Dove il teatro è esistito, è sempre stato un affare di Stato. Ogni arte vuole essere pubblica, si nutre delle proiezioni, dei desideri, delle aspettative della società, ma solo il teatro fa della partecipazione pubblica, della relazione con lo spettatore la sua cifra ontologica. Il teatro per esistere ha bisogno del pubblico, condivide con lo Stato il destinatario della ricezione: la società. Può contribuire alla sua formazione, in direzione della democrazia, e può diventare mezzo di oppressione e controllo; può essere strumento educativo e di emancipazione, e strumento di propaganda per condizionare le masse. Il teatro è in rapporto continuo con le istituzioni, la sua storia è più assimilabile alla storia politica che a quella delle arti. 

Il mondo greco ha vissuto la magnifica coincidenza fra teatro e democrazia.  Nel mondo contemporaneo il teatro va in cerca di democrazia: temi di attualità, ambizione a incidere nel dibattito culturale, politico e sociale del proprio tempo. Si cerca un teatro nuovo che dia senso a un’epoca contraddittoria, dominata da media più veloci e pervasivi (la radio, il cinema, la televisione, il web): la compagnia teatrale è una comunità e il ruolo degli spettatori è sempre più improntato su dinamiche partecipative.

 

Da Artaud a Mejerchol'd, da Brecth a Piscator, dal Living Theatre a oggi, le utopie democratiche del teatro e lo scontro con la realtà. Le aspirazioni del teatro ad essere necessario in una società postmoderna, priva di riti collettivi, dominata dalla tecnologia, dai simulacri, dall’annichilimento della dimensione corporea ed emozionale.
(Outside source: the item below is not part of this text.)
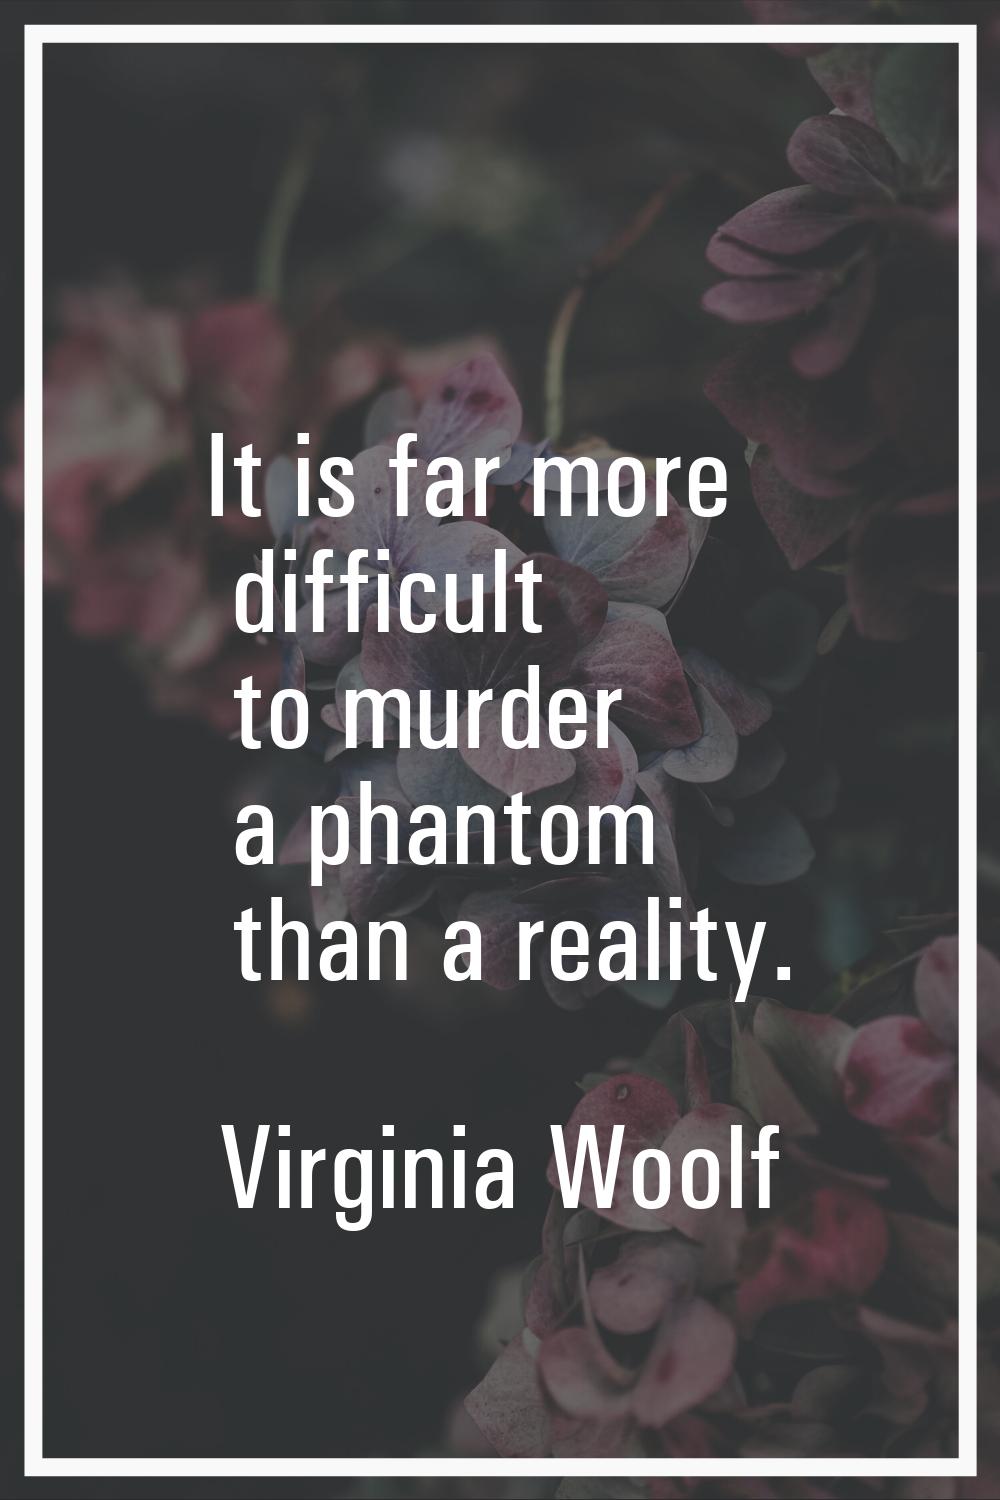 It is far more difficult to murder a phantom than a reality.

L'evento spettacolare come resistenza, che tenta di riappropriarsi di uno “spazio pubblico” per offrirsi, come nell’antica Grecia, sia in quanto luogo di aggregazione sociale ed espressione della creatività umana, sia come laboratorio permanente di formazione pedagogica e politica. Ogni questione estetica è sempre anche una questione politica.

Un corso sperimentale SOLO PER Under28 e Studenti Universitari ad un prezzo SPECIAL a metà tra un percorso teatrale e un esperimento creativo collettivo, per la realizzazione di uno spettacolo-performance provocatorio, temerario, scomodo, che dia voce alla Net-Generation e alle sue visioni artistiche e ideologiche.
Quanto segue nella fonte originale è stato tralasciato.